The REST API has two modes (`auth_mode` in `.loopyard.toml`, or
`LOOPYARD_AUTH_MODE`):

- `none` (default) — no authentication; intended for localhost
  deployments. Mutating endpoints accept an optional
  `X-Loopyard-Actor: <actor-id>` header for event attribution.
- `oidc` — every `/api/*` request must carry a JWT minted by an OIDC-style
  identity provider or authenticating proxy in front of loopyard. The
  token is validated offline against the provider's JWKS (RS256/ES256
  only; issuer, audience and expiry checked), the identity is mapped to an
  auto-provisioned human `actor`, all mutations are attributed to that
  actor, and `X-Loopyard-Actor` is ignored. `GET /api/whoami` reports the
  resolved identity; identities listed in `admin_identities` may call
  admin endpoints (currently lock force-release — 403 for everyone else).
  The interactive docs and `/openapi.json` are disabled in this mode, and
  the SSE stream validates the token at connect time only (an already-open
  stream is not torn down when the token expires; reconnects re-validate).

Identities are **namespaced with the claim they came from** —
`email:alice@example.com`, `sub:7d5a…` — so values from different claims
can never collide; `admin_identities` entries use the same form. The
`email` claim is trusted only when the token carries
`email_verified: true`; an explicit `email_verified: false` is never
accepted, and a missing `email_verified` counts as unverified unless
`oidc_allow_unverified_email` is enabled (needed for authenticating
proxies that assert the email themselves — see the Cloudflare preset). An
unusable email falls back to `sub`.

Config keys (each also settable via the matching `LOOPYARD_`-prefixed
upper-case env var; list-valued keys take a comma-separated string and
booleans a `true`/`false` string in the env form).
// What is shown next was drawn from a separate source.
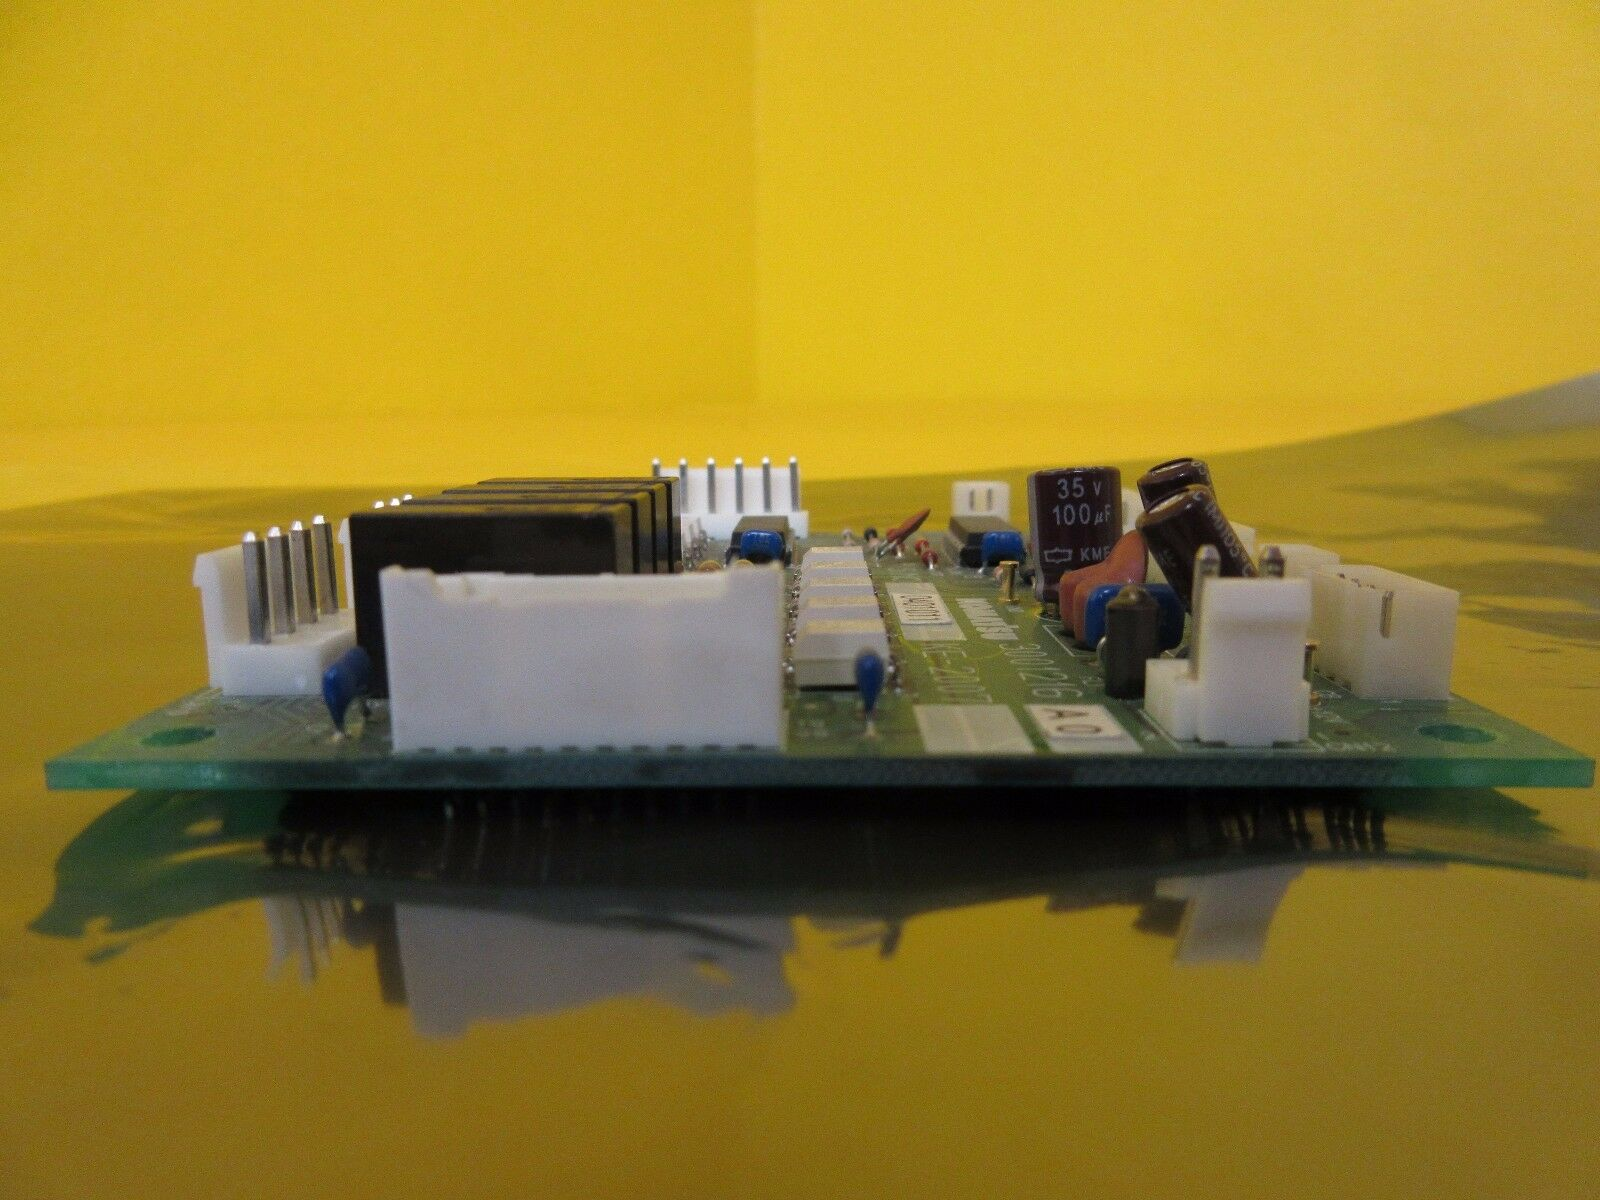 Placa de de de interfaz Komatsu 3001216A0 KE-2007 placa de circuito impreso utilizado en funcionamiento b5f16a

In oidc mode
`oidc_issuer` and `oidc_jwks_url` must be `https` URLs — plain `http` is
allowed for localhost only (dev):

| key                           | default      | meaning                                       |
| ----------------------------- | ------------ | --------------------------------------------- |
| `auth_mode`                   | `"none"`     | `none` or `oidc`                              |
| `oidc_issuer`                 | —            | required in oidc mode; exact `iss` match      |
| `oidc_audience`               | —            | required in oidc mode; `aud` check            |
| `oidc_jwks_url`               | discovered   | JWKS endpoint; default from `<issuer>/.well-known/openid-configuration` |
| `oidc_token_sources`          | `["bearer"]` | ordered lookup: `bearer`, `header:<Name>`, `cookie:<name>` |
| `oidc_identity_claim`         | `"email"`    | identity claim; `sub` is always the fallback  |
| `oidc_allow_unverified_email` | `false`      | accept `email` when `email_verified` is ABSENT (explicit `false` never passes) |
| `oidc_http_timeout_ms`        | `5000`       | JWKS/discovery HTTP fetch timeout             |
| `admin_identities`            | `[]`         | namespaced identities allowed on admin endpoints, e.g. `"email:you@example.com"` |

MCP and CLI transports connect to PostgreSQL directly and are unaffected.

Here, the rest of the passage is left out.